Analysis of Implications for Political Discourse
The findings have significant implications for how political campaigns and policy debates are conducted. For decades, the "politics of envy" has been a potent rhetorical shield for those opposing tax increases. By characterizing the desire for higher taxes as an immoral or petty emotion, opponents can bypass the substantive debate over whether the economic system is actually providing equal opportunity.
However, if support for redistribution is actually a demand for "procedural justice," then the debate must shift toward the mechanics of the economy. If the public perceives that the "playing field" is not level—due to factors like inheritance, tax loopholes, or unequal access to education—their call for redistribution is a rational attempt to correct a perceived systemic failure.
"Getting those motives right matters because people may judge policies differently depending on whether support for them is seen as rooted in fairness concerns or in envy," Neerdaels noted. This suggests that framing redistributive policies as "fairness" measures rather than "wealth-sharing" measures may resonate more deeply with the core motivations of the electorate.
Limitations and the Path for Future Research
Despite the robustness of the four-study design, the researchers acknowledged several limitations. Most notably, the data relies heavily on self-reporting and hypothetical scenarios. While the experimental manipulation of the "Alex" character provided strong evidence, it does not perfectly replicate the complexities of real-world economic policy, where perceptions of deservingness are influenced by media, culture, and personal experience.
Furthermore, the study utilized a traditional left-right political scale. Modern political science increasingly recognizes that voters may be economically liberal but socially conservative, or vice versa. Future research could explore whether "populist" voters—who often harbor high levels of resentment toward "elites"—exhibit different psychological profiles than traditional progressives.

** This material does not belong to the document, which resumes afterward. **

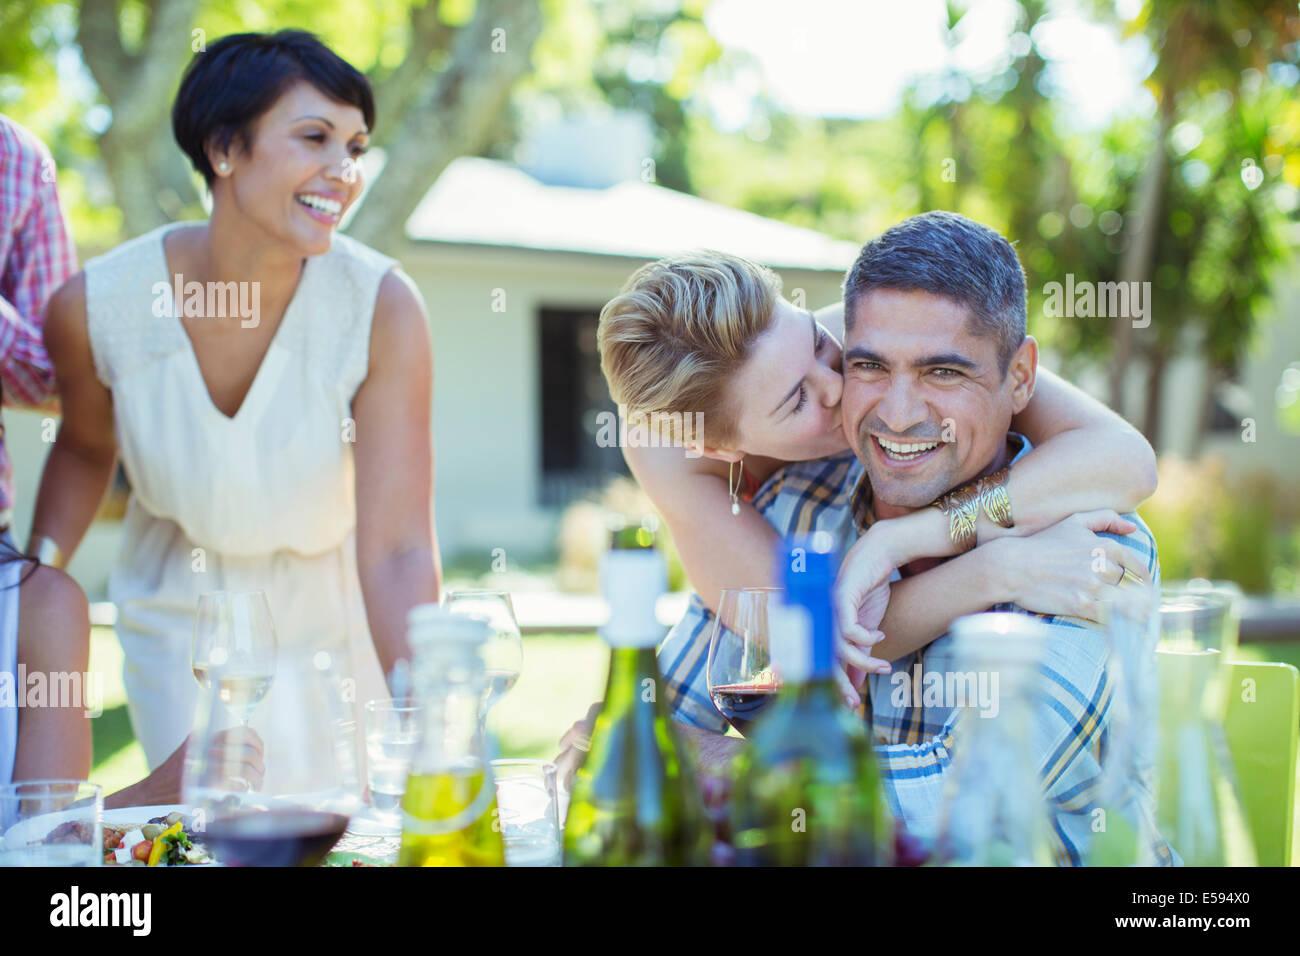 Giovane kissing a tavola all'aperto Immagini Stock

The researchers also suggested that future studies should use behavioral measures, such as games where participants must redistribute real money, to see if the same meritocracy-driven patterns hold when actual financial stakes are involved. Additionally, examining how concerns about personal liberty and the efficiency of government spending interact with meritocracy beliefs could provide a more holistic view of why people oppose or support taxation.
Conclusion
The research by Neerdaels, Blatz, and Crusius offers a pivotal correction to the understanding of economic psychology. By demonstrating that support for wealth redistribution is a byproduct of fairness-based reasoning rather than malicious envy, the study reframes a central conflict of modern democracy. It suggests that the divide between the left and the right is not a battle between those who work hard and those who are jealous of them, but rather a fundamental disagreement over whether the current economic system truly rewards merit. As global inequality continues to be a defining issue of the 21st century, understanding the genuine psychological drivers of public opinion will be essential for creating policies that the public perceives as legitimate and just.